A WebDriver is a generic tool that drives the web interface. However, when it is combined with Selenium and its technologies, it becomes Selenium WebDriver. Since Selenium works in the web automation department, naturally, the main goal of Selenium WebDriver adoption becomes the automated test case execution on web browsers.

It is worth noting that Selenium is a complete suite of tools that includes Selenium IDE, Selenium Grid, and Selenium WebDriver. Each tool serves a different purpose, and WebDriver is the most widely adopted component among them, specifically built for automating browser-based test execution.

For beginners, understanding what is Selenium WebDriver or what is WebDriver in Selenium is essential because it defines how Selenium interacts with different browsers.

Selenium WebDriver in Selenium uses specific browser drivers for the target browsers to execute the test cases. For example, Chrome WebDriver can be downloaded from its official website to connect with Selenium and communicate the instructions via APIs written in Selenese. This mechanism is part of the Selenium WebDriver architecture that defines how Selenium interacts with different browsers. During this phase, the tester can see the execution as Selenium WebDriver opens an instance of that browser using the driver. The WebDriver makes this process possible on the local system or on the remote system without the use of any specific server.

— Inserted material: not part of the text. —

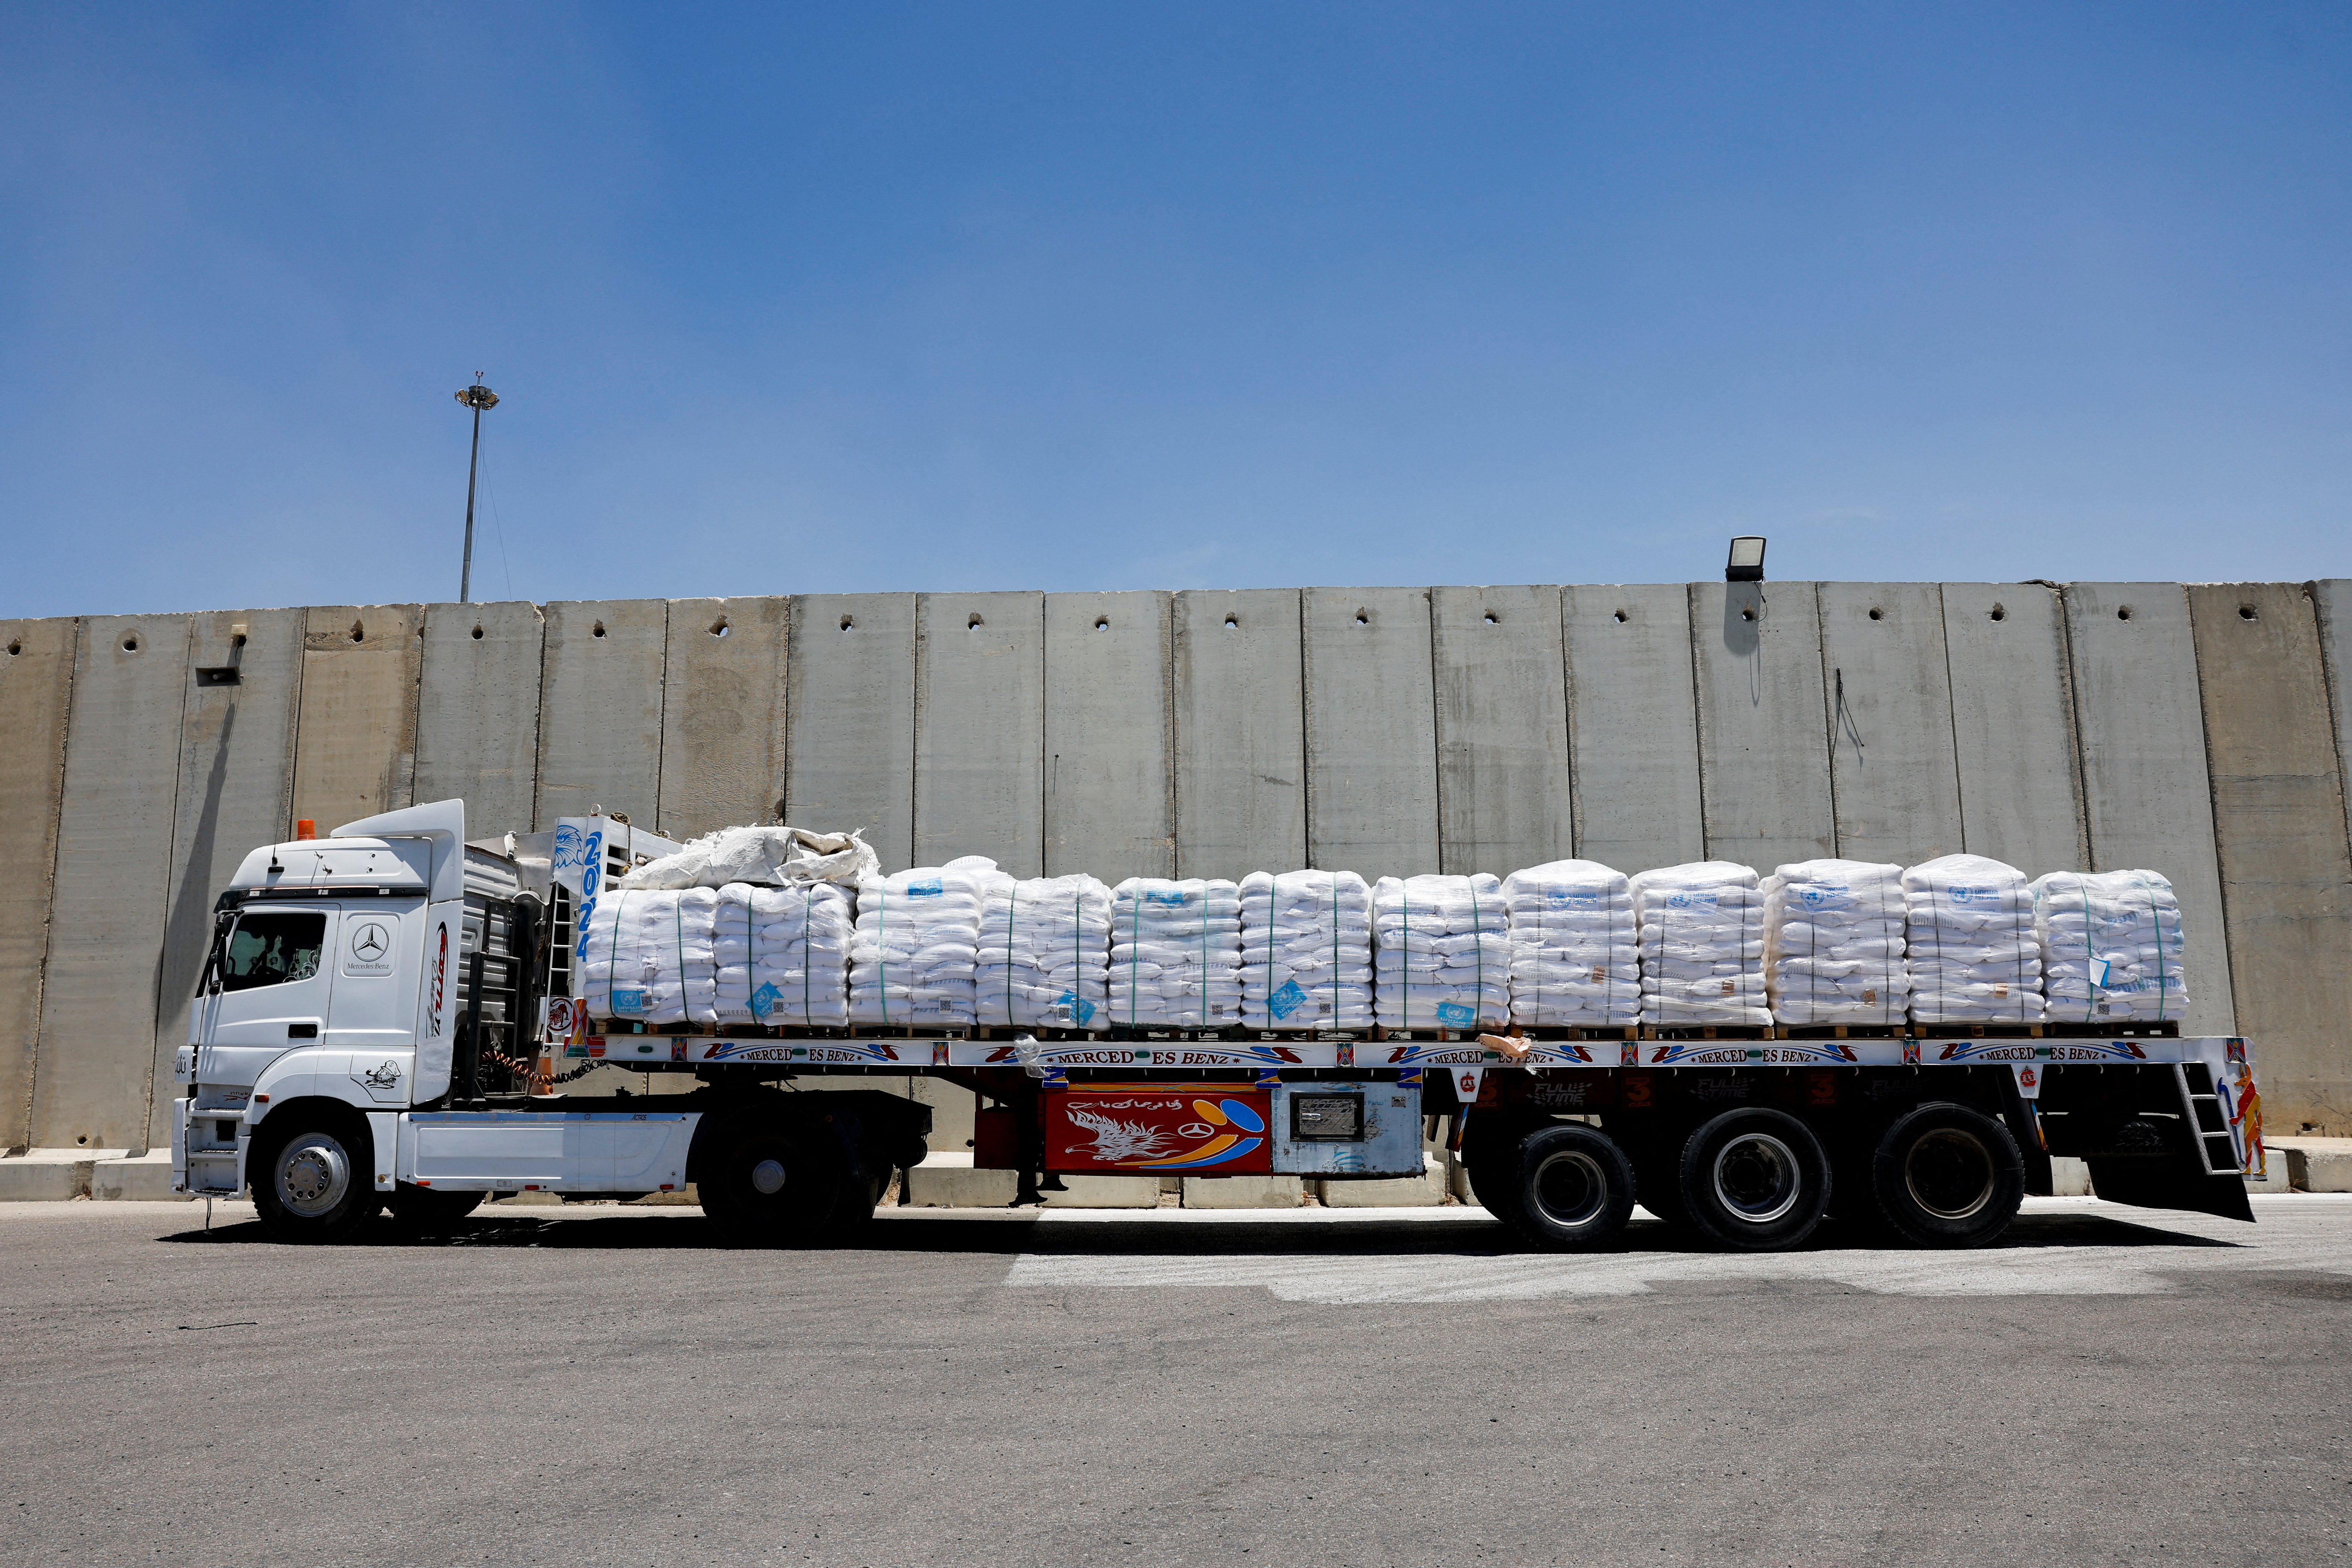 イスラエル、ガザ南部で軍事活動を一時停止 支援物資搬入拡大へ - ロイター (Reuters Japan)

Selenium-tests-on-scalable-cloud-infrastructure-Selenium_CTA.webp

As a tester, one might wonder if they need to learn different methodologies while working on different browser drivers, depending on their internal working. Fortunately, this is not true. WebDriver provides cross-browser compatibility, where the tester can use the same functions across different browser drivers, making the testing process easier and faster.

The Architecture of Selenium WebDriver

When a tester executes a test through Selenium WebDriver, they are essentially triggering a series of tasks accomplished by various components that work together. These four components together build up the architecture of Selenium WebDriver.

1. Automation Code/ Client Library

Everything starts with writing automation code in a client library provided by Selenium, and as anyone associated with testing would know, this list is endless. Selenium is popular for offering support for all the major programming languages through its bindings to write the WebDriver code in. These are then wrapped around the library to create browser-specific code.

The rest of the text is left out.